ESG & Sustainability

6 questions
What is ESG and why is it important for Indian exporters? +

ESG (Environmental, Social, Governance) is a framework evaluating a company' sustainability performance. EU buyers are increasingly imposing ESG requirements on their supply chains — driven by: EU Taxonomy (green finance), CSRD (sustainability reporting), CSDDD (due diligence), EU Green Deal, and consumer demand for sustainable products. Indian exporters who cannot demonstrate ESG compliance risk losing EU contracts as sustainability becomes a procurement criterion.

What ESG documentation do EU buyers typically request from Indian suppliers? +

Common EU buyer ESG documentation requests from Indian suppliers: (1) Carbon footprint data (Scope 1, 2, and often Scope 3 from supply chain), (2) Energy consumption and renewable energy percentage, (3) Water consumption and wastewater treatment, (4) Waste generation and recycling rates, (5) Worker welfare: safety incidents, wages vs minimum wage, no child labour declaration, (6) SA 8000 certification or SMETA (Sedex Members Ethical Trade Audit) report, (7) ISO 14001 environmental management certificate, (8) Compliance with REACH, RoHS, WEEE.

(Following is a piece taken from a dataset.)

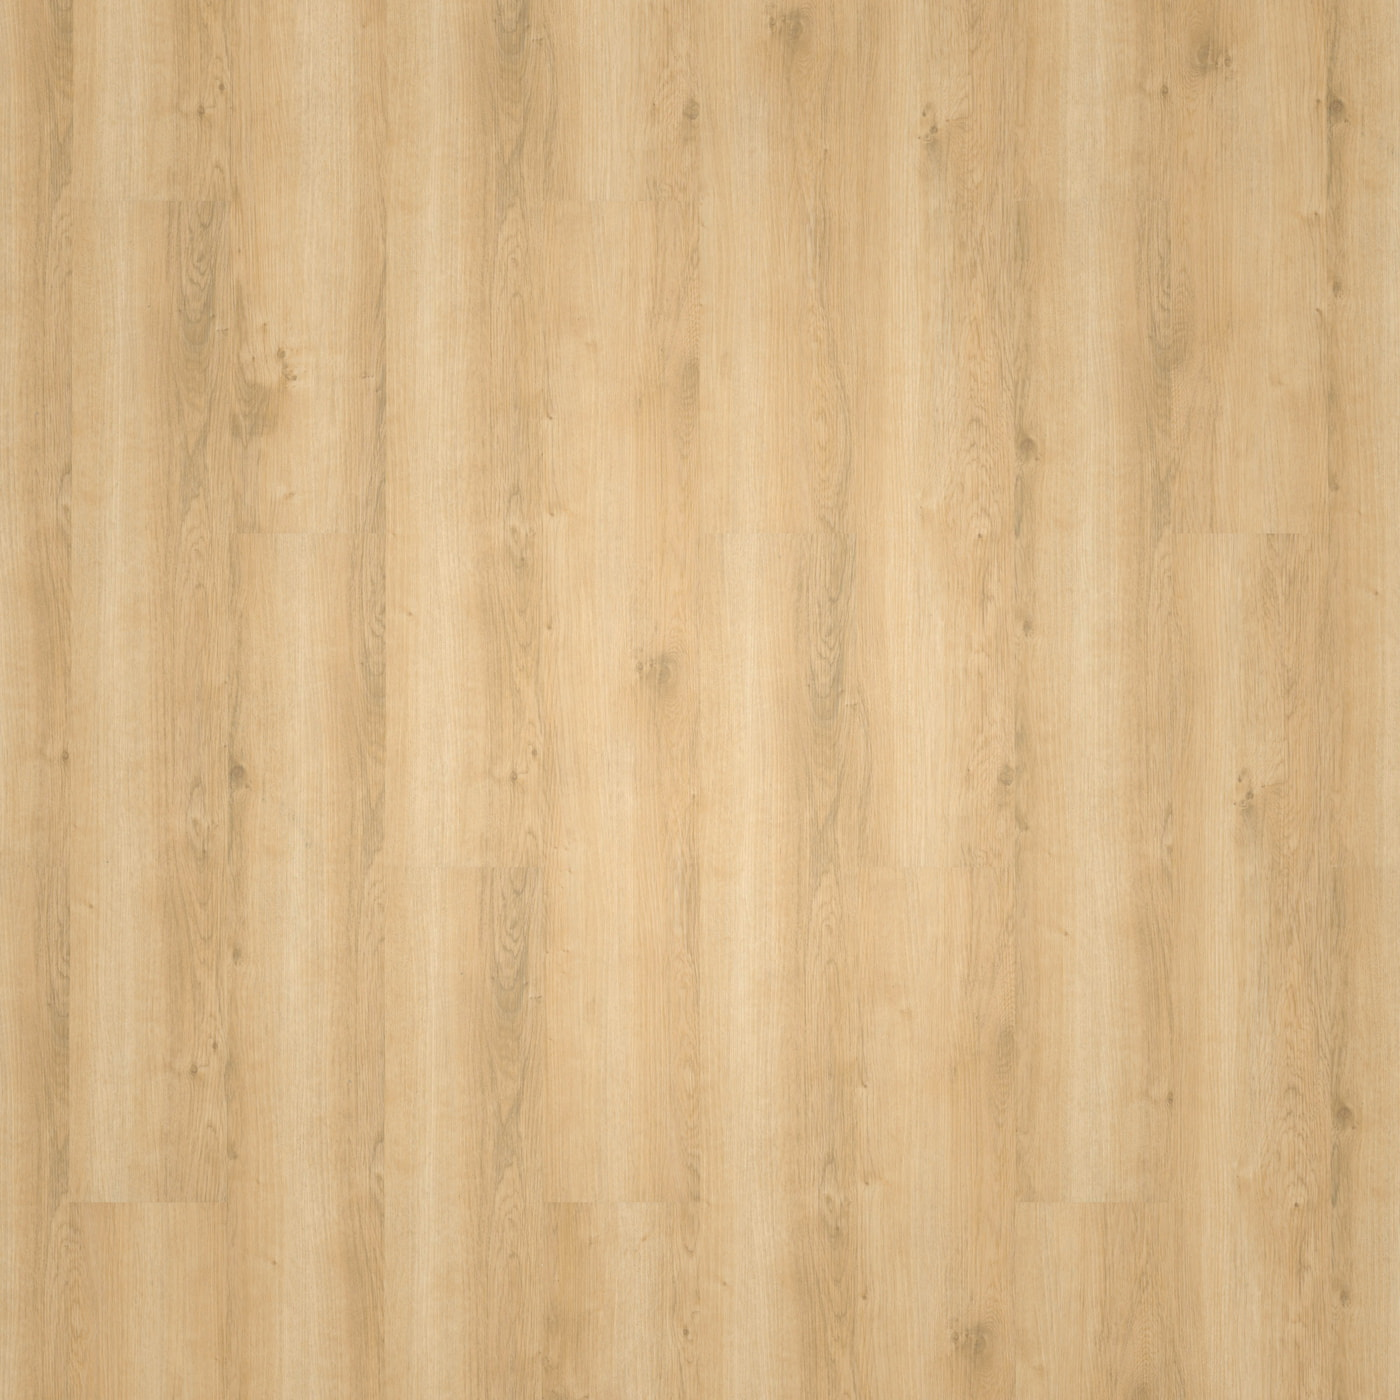 wineo Klick-Vinyl wineo 800 wood Wheat Golden Oak Exklusive Holzstruktur

What is GOTS certification and how do I get it? +

GOTS (Global Organic Textile Standard) certifies that textiles are made from organic natural fibres and processed without harmful chemicals. Required by EU organic textile buyers. Process: (1) ensure all inputs (fibres, dyes, auxiliaries) meet GOTS standards, (2) apply to a GOTS-authorised certification body (Control Union, Ecocert, Bureau Veritas, TUV SUD), (3) undergo facility inspection and supply chain verification, (4) if approved, receive GOTS certificate valid 1 year. Indian textile mills must source organic cotton with a valid GOTS chain of custody certificate.

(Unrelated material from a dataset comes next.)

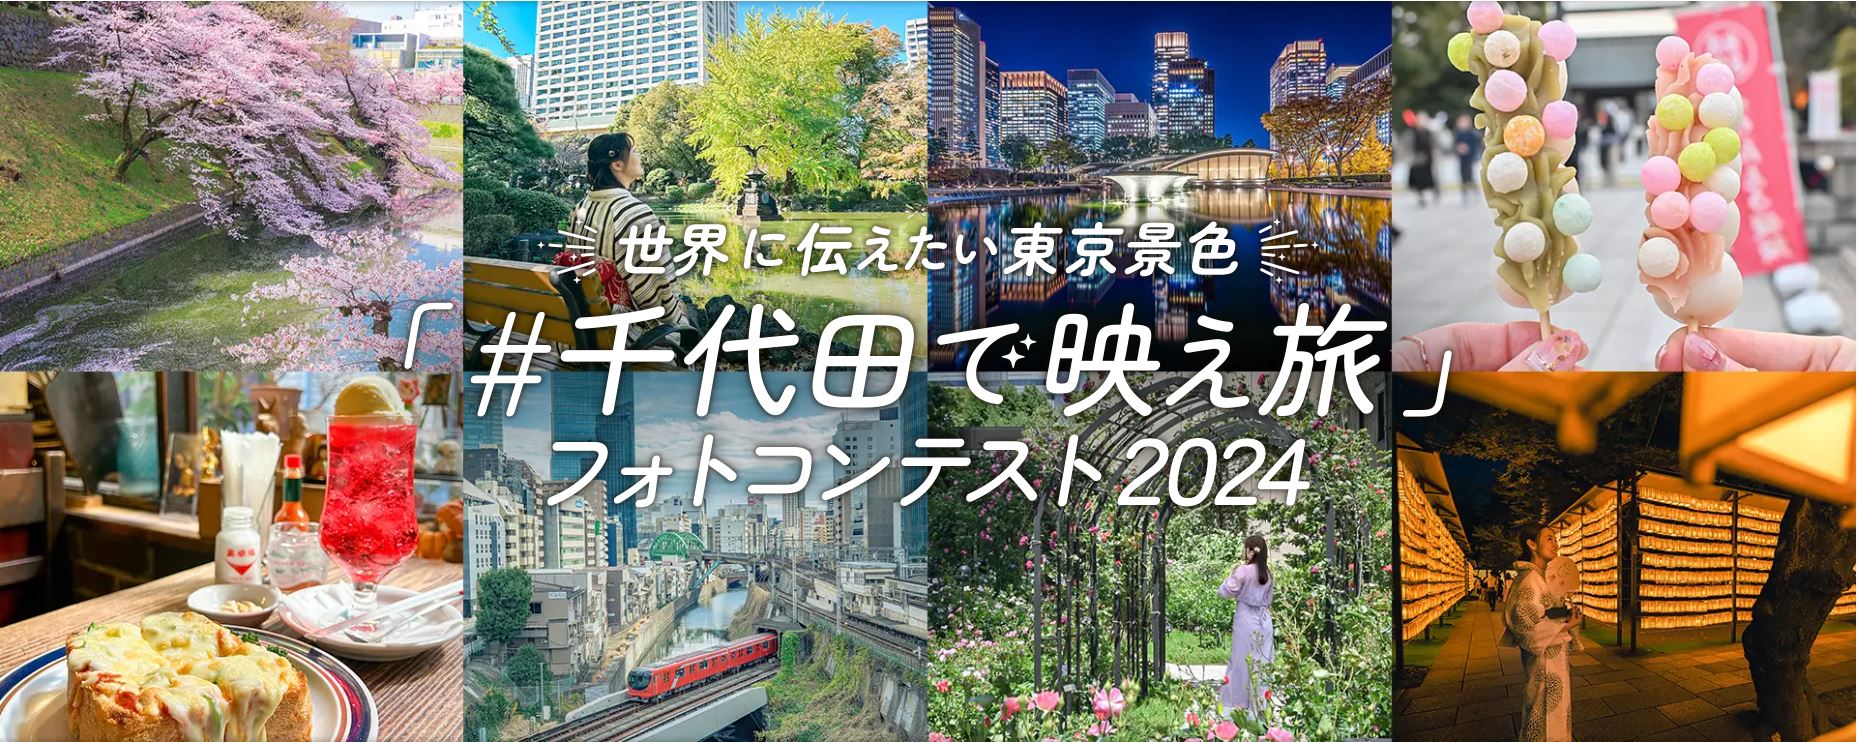 世界に伝えたい東京景色「#千代田で映え旅」フォトコンテスト2024

What is the SBTi and should my company set science-based targets? +

Science Based Targets initiative (SBTi) enables companies to set greenhouse gas emission reduction targets aligned with the Paris Agreement' 1.5°C goal. EU buyers — particularly large brands (H&M, Zara, Unilever, L'eal) — are requiring their supply chain partners including Indian factories to commit to SBTi targets. Process: (1) commit to SBTi, (2) develop targets (Scope 1+2 by 2030, Scope 3 long-term), (3) submit targets for SBTi validation, (4) publish and report progress annually. Growing requirement for Indian textile, food, and pharma exporters.

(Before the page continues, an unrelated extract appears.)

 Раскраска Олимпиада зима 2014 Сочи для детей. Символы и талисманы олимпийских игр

What is the EU Taxonomy and does it affect Indian companies? +

EU Taxonomy is a classification system determining which economic activities are environmentally sustainable. Directly affects Indian companies: (1) EU investors subject to Taxonomy must report what % of investments are Taxonomy-aligned — affecting FDI into Indian companies, (2) EU companies in supply chains must report Taxonomy-aligned revenues — Indian suppliers must provide relevant data, (3) Indian renewable energy companies seeking EU green financing must demonstrate Taxonomy alignment. Most relevant to: green energy, infrastructure, manufacturing, transport sectors.

What is the EU Corporate Sustainability Due Diligence Directive (CSDDD)? +

CSDDD (also called CS3D) requires large EU companies to conduct due diligence on human rights and environmental impacts throughout their value chains — including their Indian suppliers. Scope: EU companies with 500+ employees and EUR 150M+ global turnover (from 2027), gradually expanding to mid-size companies. Obligations include: (1) map supply chain impacts, (2) prevent, mitigate, or remedy human rights and environmental harms, (3) establish complaint mechanisms, (4) report annually on due diligence activities. Indian exporters to large EU companies must be prepared to undergo supplier assessments and provide compliance evidence.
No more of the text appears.